* [Collected material]:
= = = = = = =

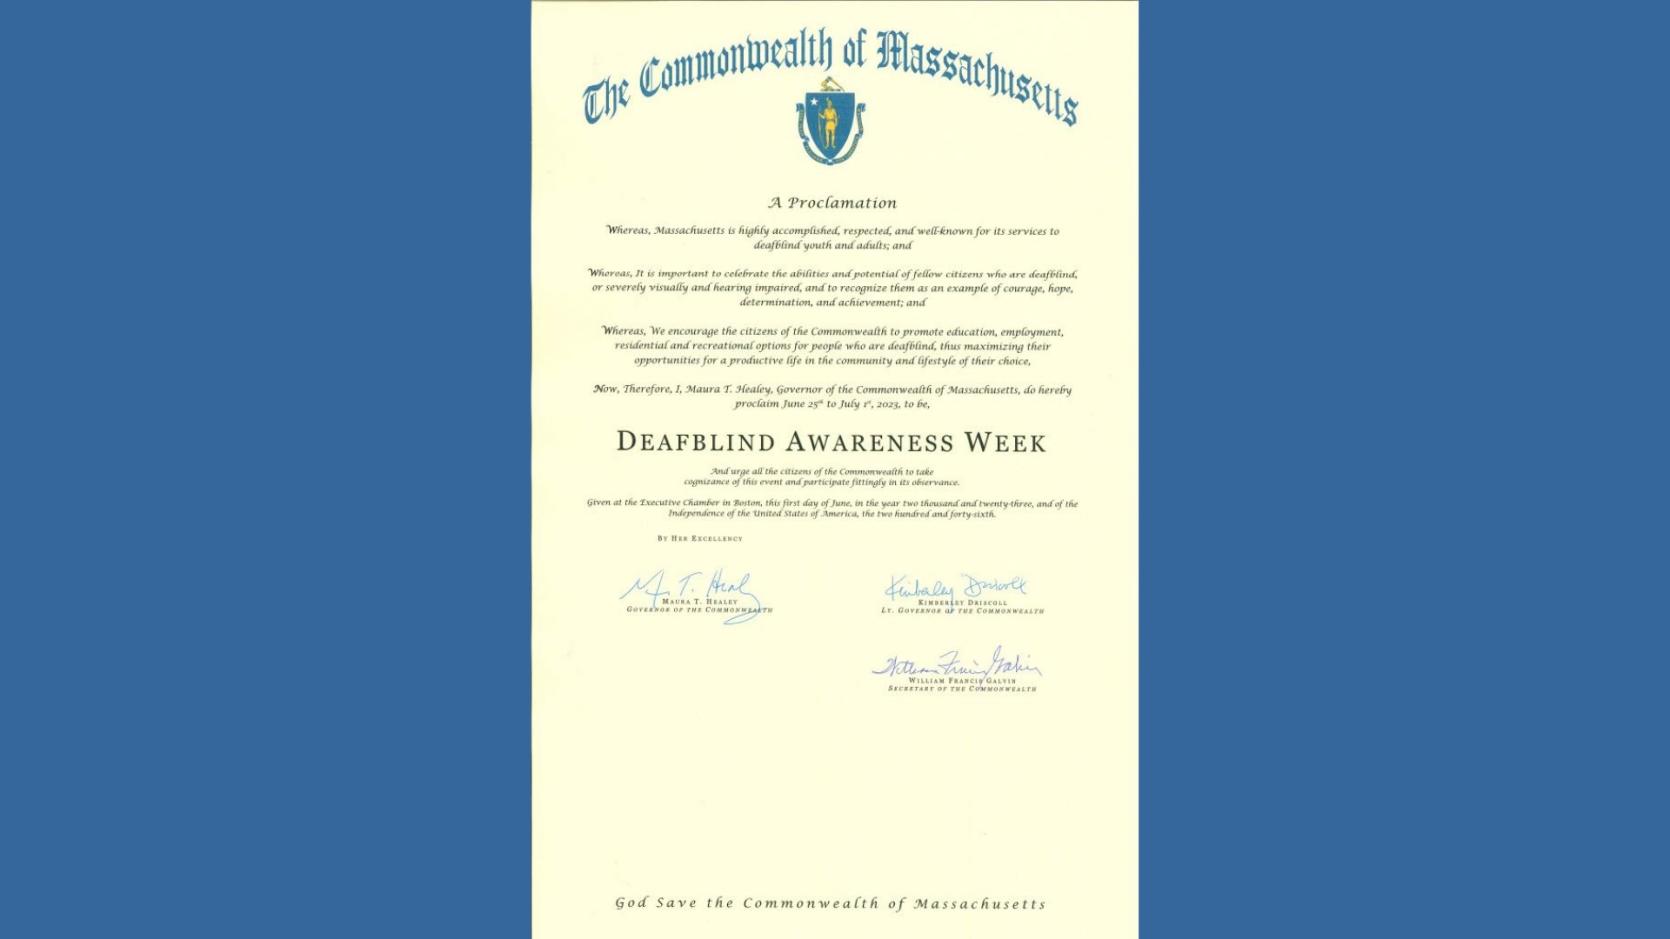 A photo of the DeafBlind Awareness Week Proclamation signed by Governor Healey, Lt. Governor Driscoll, and Secretary of the Commonwealth Galvin 
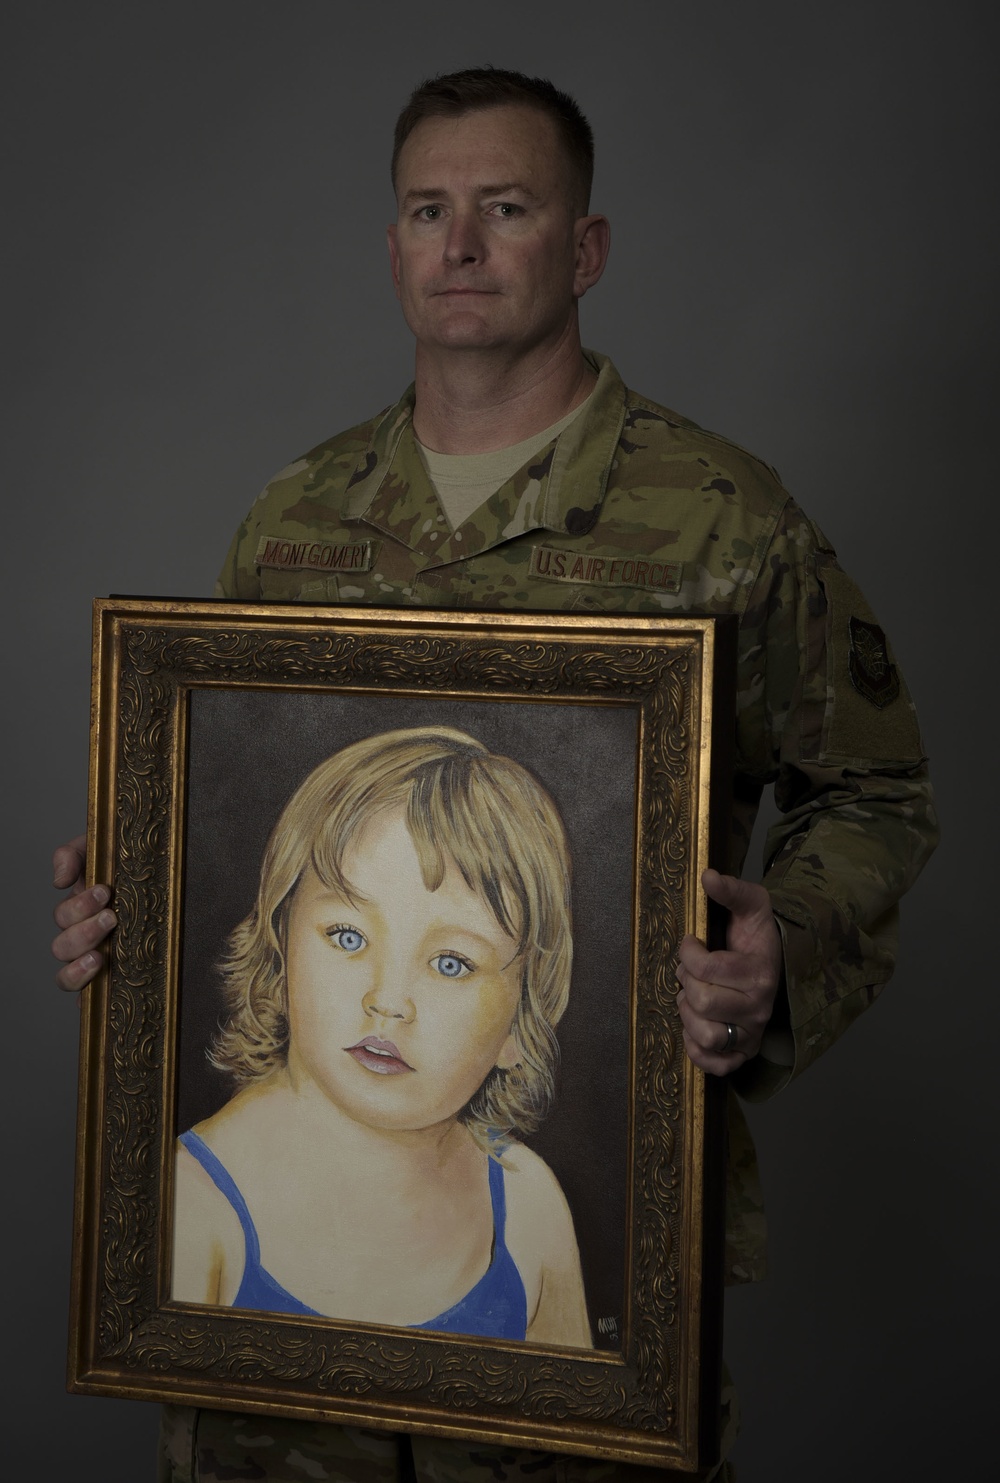 From suffering to success: A story about a first sergeant’s recovery from tragedy
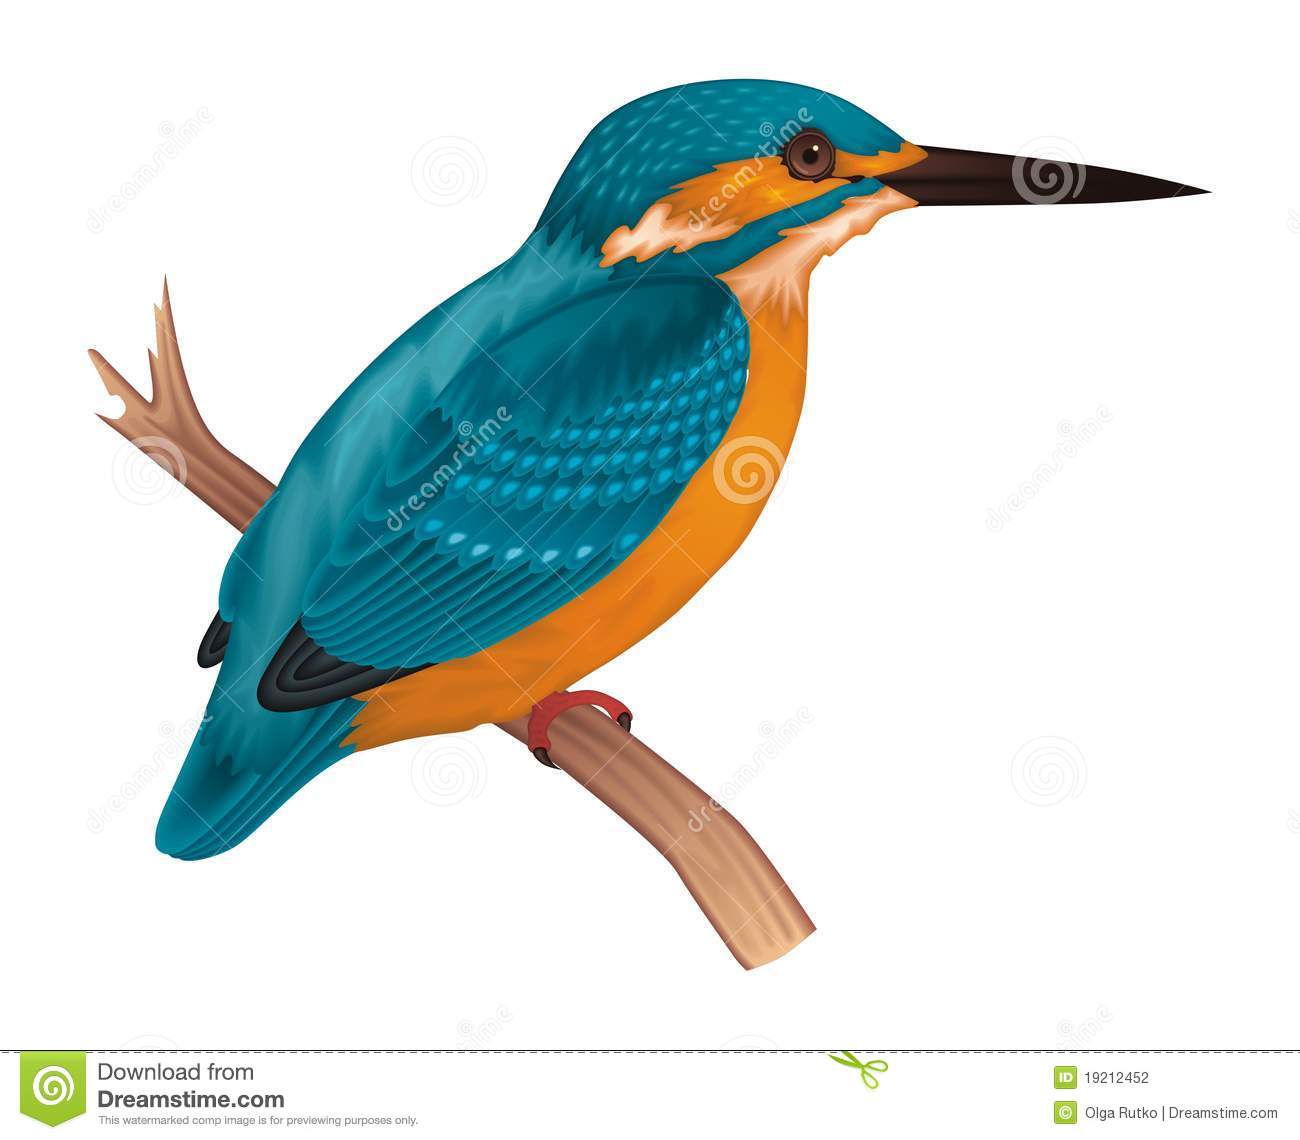 Kingfisher svg #13, Download drawings
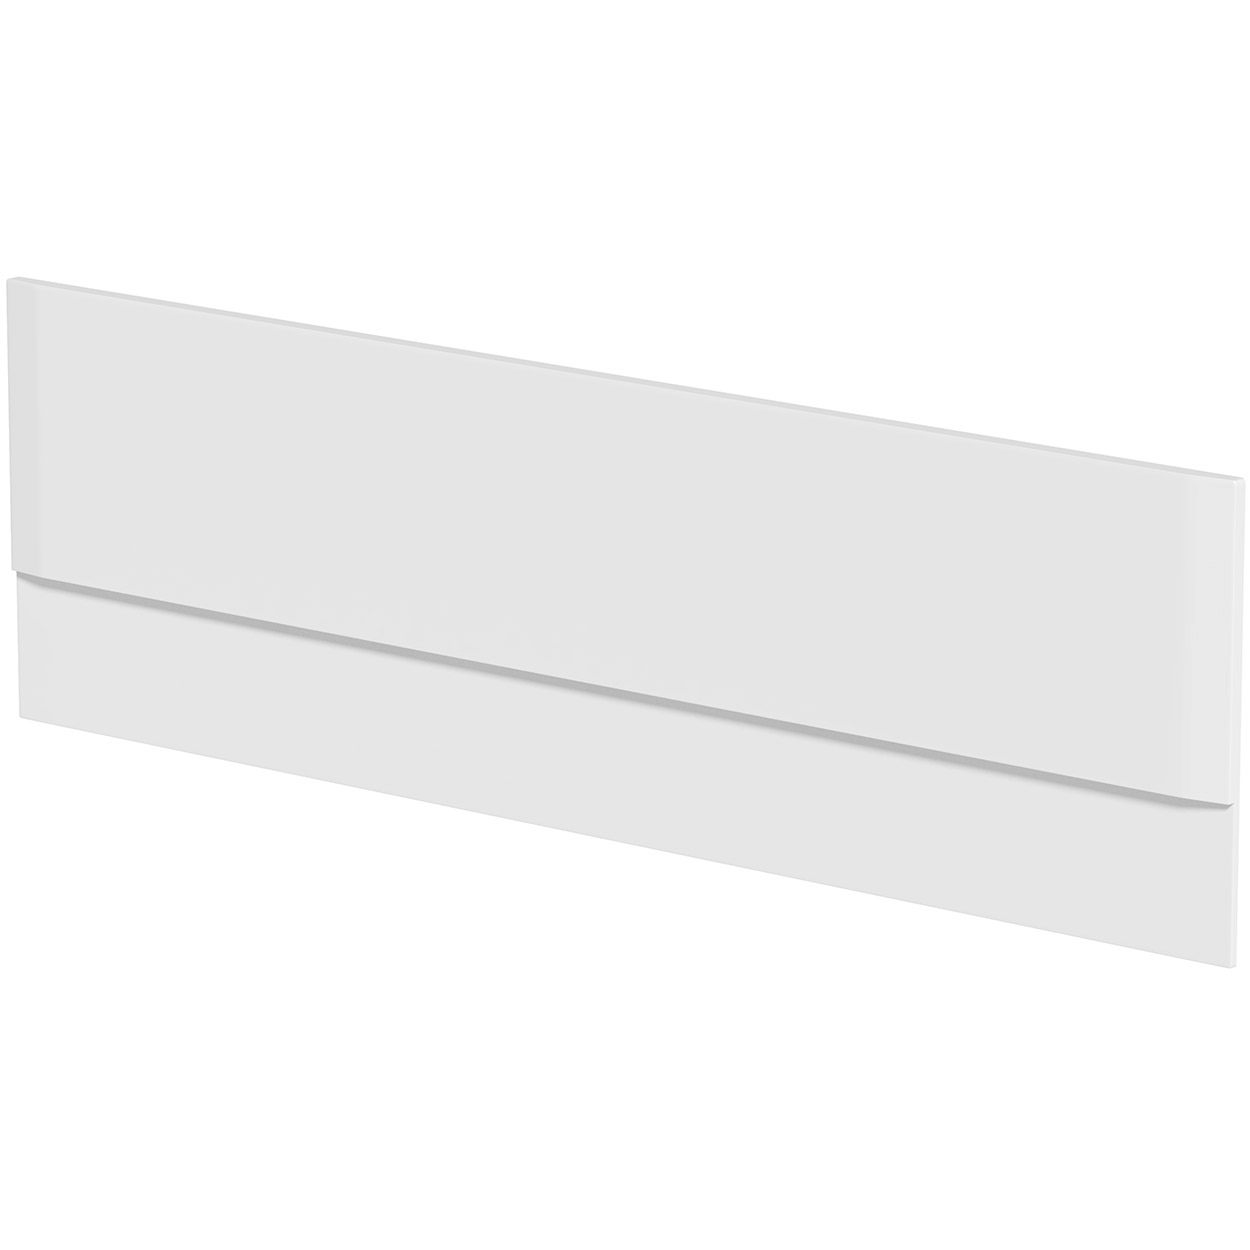 Orchard reinforced straight bath front panel 1700mm

= = = = = = =

* [Aim of the exercise]:
Copy the material above in full and exactly, skipping pictures.

* [Solution to this problem]:
 A photo of the DeafBlind Awareness Week Proclamation signed by Governor Healey, Lt. Governor Driscoll, and Secretary of the Commonwealth Galvin 
 From suffering to success: A story about a first sergeant’s recovery from tragedy
 Kingfisher svg #13, Download drawings
 Orchard reinforced straight bath front panel 1700mm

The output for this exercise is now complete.